Ava wouldn’t leave. She wouldn’t abandon her friend in this state. She wouldn’t. That was the thing he was certain of with glaring certainty. It left only one possibility; someone had taken her. Possibly the same people chasing them.
He ripped out his phone, but had no one to call. No one he trusted with this.
Panic swirled up around him in a black shroud. It pushed against his vision, blurring them. He tried to focus, but all he could think was how he’d failed her. Again.
The phone rang. Its vibration tickled the palm of his hand. He almost dropped it before a spark of hope had him shoving the thing to his ear.
“Ava?”
Silence strained for two full heartbeats, then,
“No.”
The devastation nearly sent him to his knees. He squeezed his eyes shut tight and struggled to regulate his breathing.
“I called to see how the meeting went,”
Erik said quietly.
“What happened?”
He didn’t trust Erik, but he trusted him more than he trusted his mother. He was a man of integrity and had always been a support in Dimitri’s life.
“I need a crew.”
Ava woke to the metallic clang of pipes, the rumbling growl of an engine, the shuffle of someone weeping. It was all there, tangled with the stench of human excrement, sweat, rust, sewage, and something she couldn’t put a name to until she opened her eyes.
The ceilings were slabs of cut metal bolted from corner to corner in a dull, rusted gray highlighted by the three bulbs swinging from frayed cords.
Ava groaned as she struggled to roll onto her side. Her muscles protested the movement, her spine screamed as it was lifted off the sheet of ice. There was a pang in her lungs from being on her back for too long and her arm with the bandage screamed. But she sat up and squinted into the thick cloud of gloom stretching the length of her prison.
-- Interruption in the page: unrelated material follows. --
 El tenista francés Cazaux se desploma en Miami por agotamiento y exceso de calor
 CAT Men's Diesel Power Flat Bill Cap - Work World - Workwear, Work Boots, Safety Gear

It was a metal box, stuffed to the max with … women. Women of various sizes, ages, and ethnicities. Women huddled in corners, curled up on the floor, standing against the walls. She had never seen so many women in a single place, except the bathroom at the mall during Christmas. But this wasn’t the bathroom at the mall. This wasn’t even a room. There was one door stamped into one wall and nothing else. There were no beds, not even blankets, and despite all the bodies, the air was frigid. There were no windows or vents to regulate air so the swirling stench of too many unwashed bodies in a single bit of space and the buckets in the corners kept shifting through the place like the ocean lapping and receding off the sand. Each one washed over Ava with an intensity that boiled her stomach up into her throat. But it was the terror. God, the terror was beyond elucidation. Hers rose off her and wove with all the others tangled overhead in a thick cloud. It crept along her spine with cold, serrated fingers and latched into something just behind her navel. It wrenched and she nearly cried out. She would have if she could find the voice.
“Where are we?” The question was aimed at no one and everyone. It rang out of her in a desperate breath she couldn’t regain. “Where are we?” she said again, louder, her voice shriller.
“A boat,” said a girl a foot away.
She couldn’t have been older than thirteen with a face smudged with dirt and tears. She wore jeans torn at the knees and a clumpy, knitted sweater that may have once been pink. It was a strange orange now. Blonde locks had escaped a flimsy braid and hung in matted, tangled clumps around stooped shoulders and there was a strange odor coming from the strands that Ava could smell, despite the distance between them.
“What boat? Where are we going? How did we—?”
A loud squeal echoed through the room, the distinct sound of hinges being pried open. Bodies shifted as the door opened and two men emerged. The sniffling increased. The girls scuffled back from the intruders, which seemed to amuse them as they set two woven baskets and a bucket with a ladle down.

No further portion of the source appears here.